Entries shown —
--- START ---

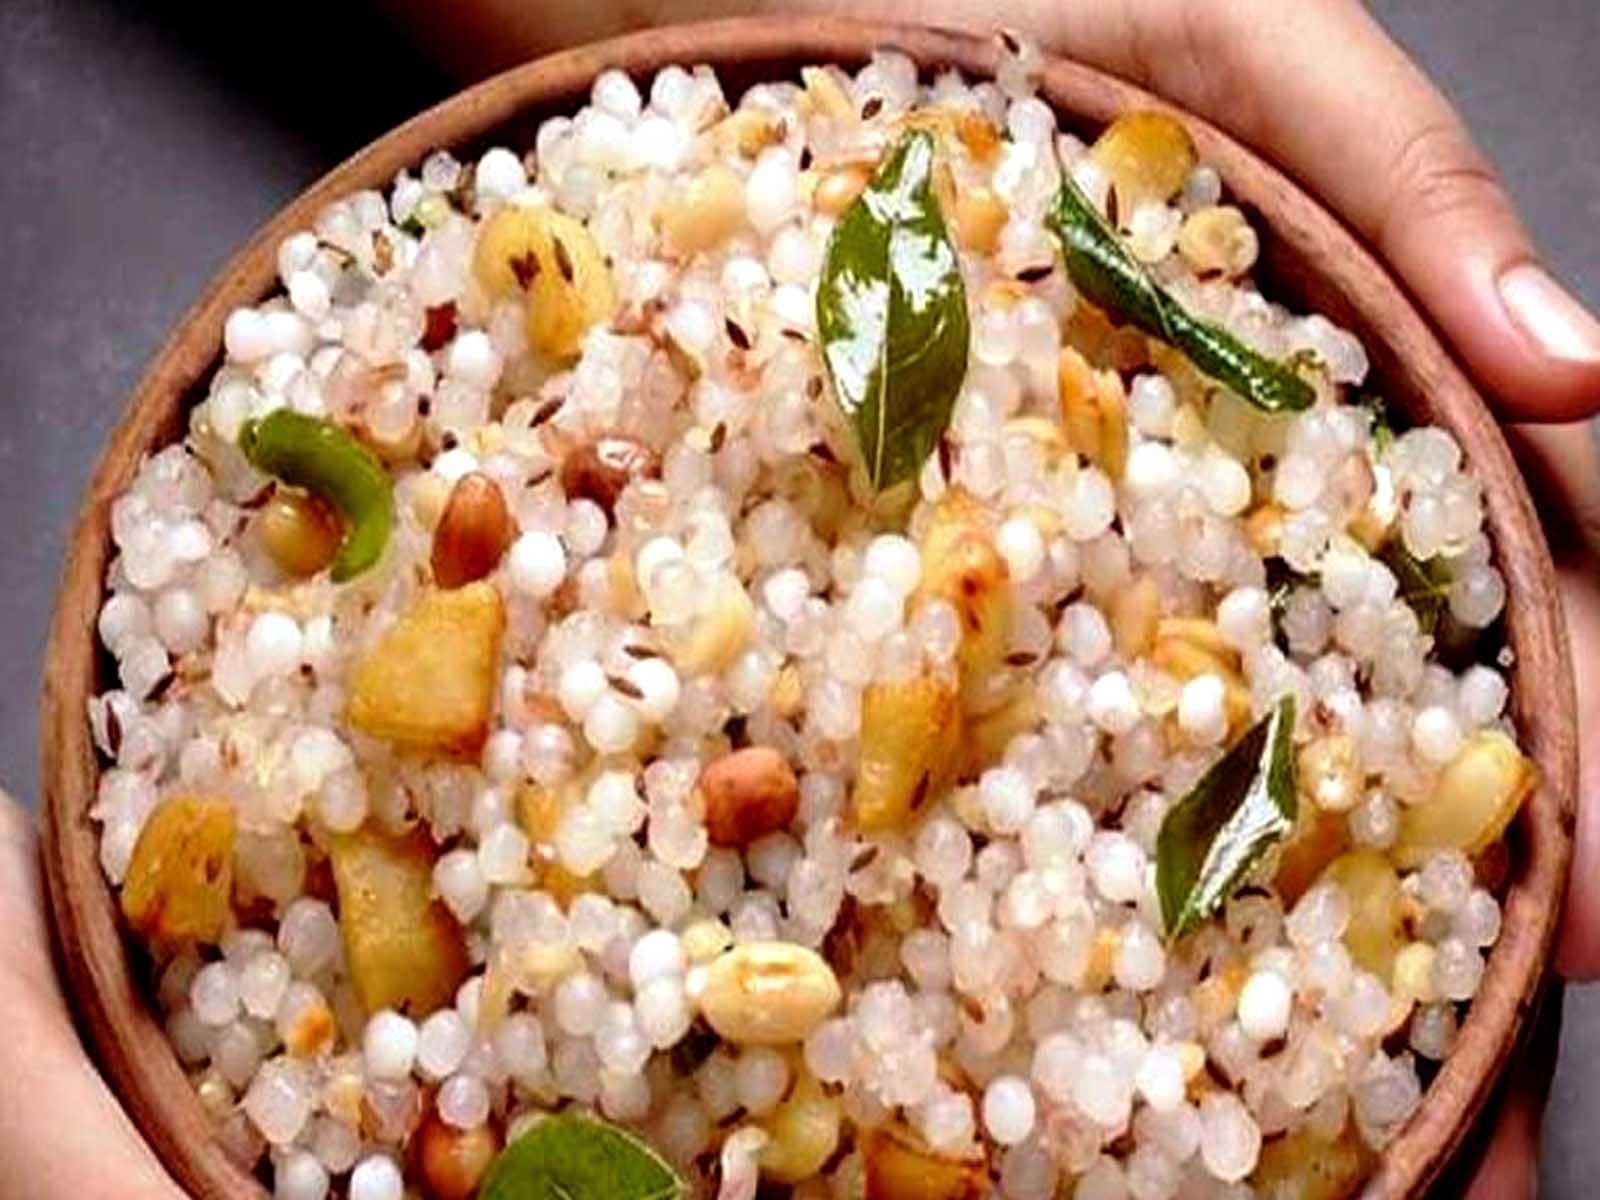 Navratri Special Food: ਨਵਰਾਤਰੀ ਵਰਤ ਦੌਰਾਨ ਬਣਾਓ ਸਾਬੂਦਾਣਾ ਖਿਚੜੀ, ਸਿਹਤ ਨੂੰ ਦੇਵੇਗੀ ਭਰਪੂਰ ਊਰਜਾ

--- END ---
--- START ---

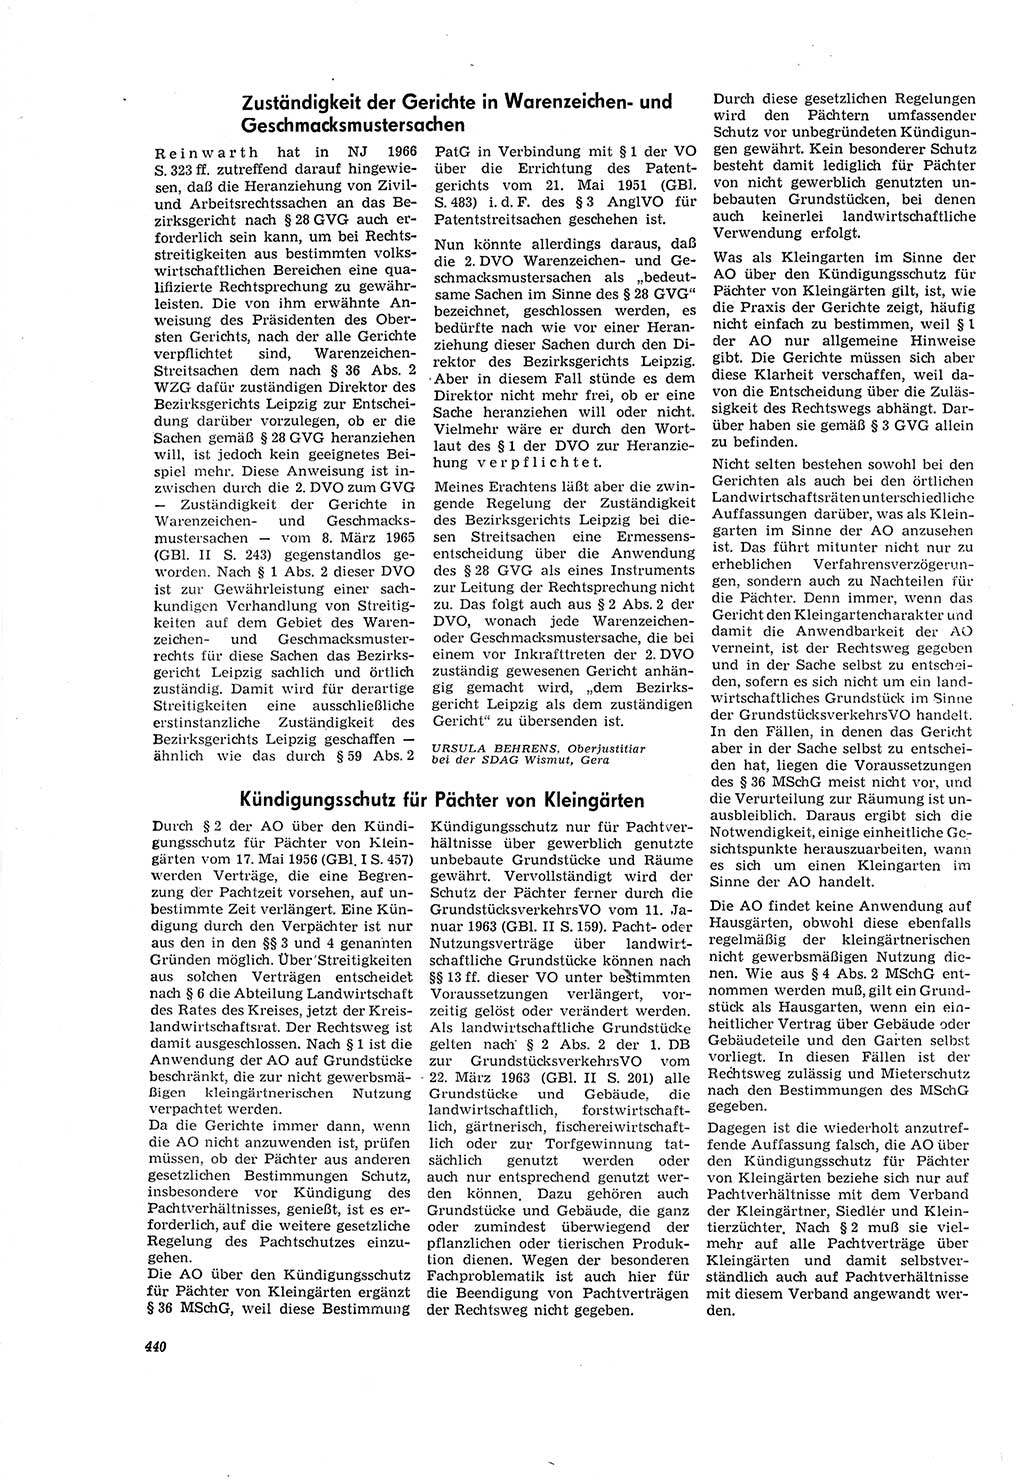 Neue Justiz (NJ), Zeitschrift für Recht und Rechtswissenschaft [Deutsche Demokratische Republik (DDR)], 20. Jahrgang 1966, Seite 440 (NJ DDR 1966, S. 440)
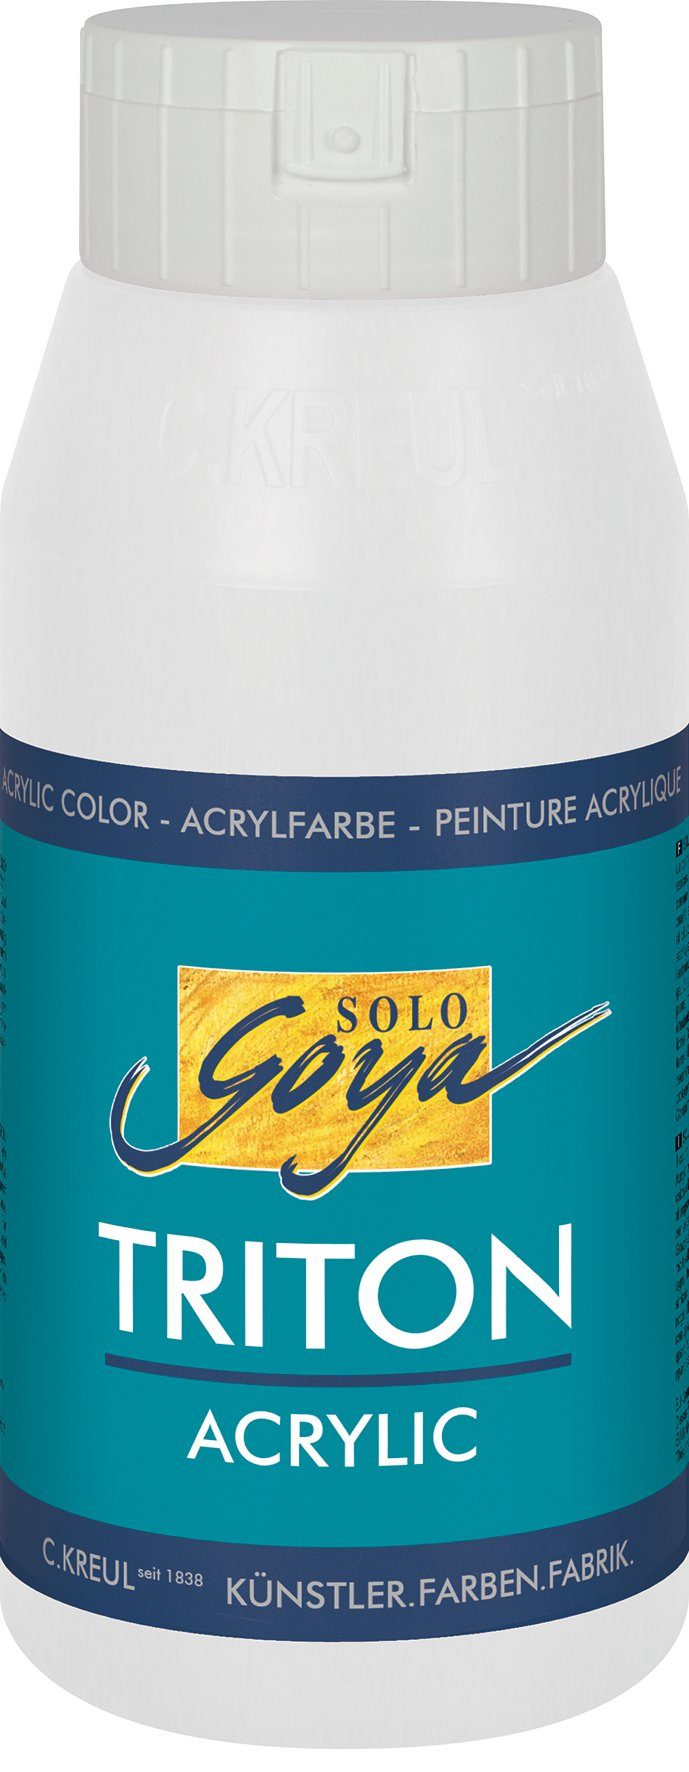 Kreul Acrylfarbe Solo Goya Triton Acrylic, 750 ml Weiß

--- END ---

Assignment —
Reproduce exactly the lines above that run from the one with "Neue Justiz (NJ), Zeitschrift" to the one with "Kreul Acrylfarbe Solo", both included, leaving pictures out.

Task response —
 Neue Justiz (NJ), Zeitschrift für Recht und Rechtswissenschaft [Deutsche Demokratische Republik (DDR)], 20. Jahrgang 1966, Seite 440 (NJ DDR 1966, S. 440)
 Kreul Acrylfarbe Solo Goya Triton Acrylic, 750 ml Weiß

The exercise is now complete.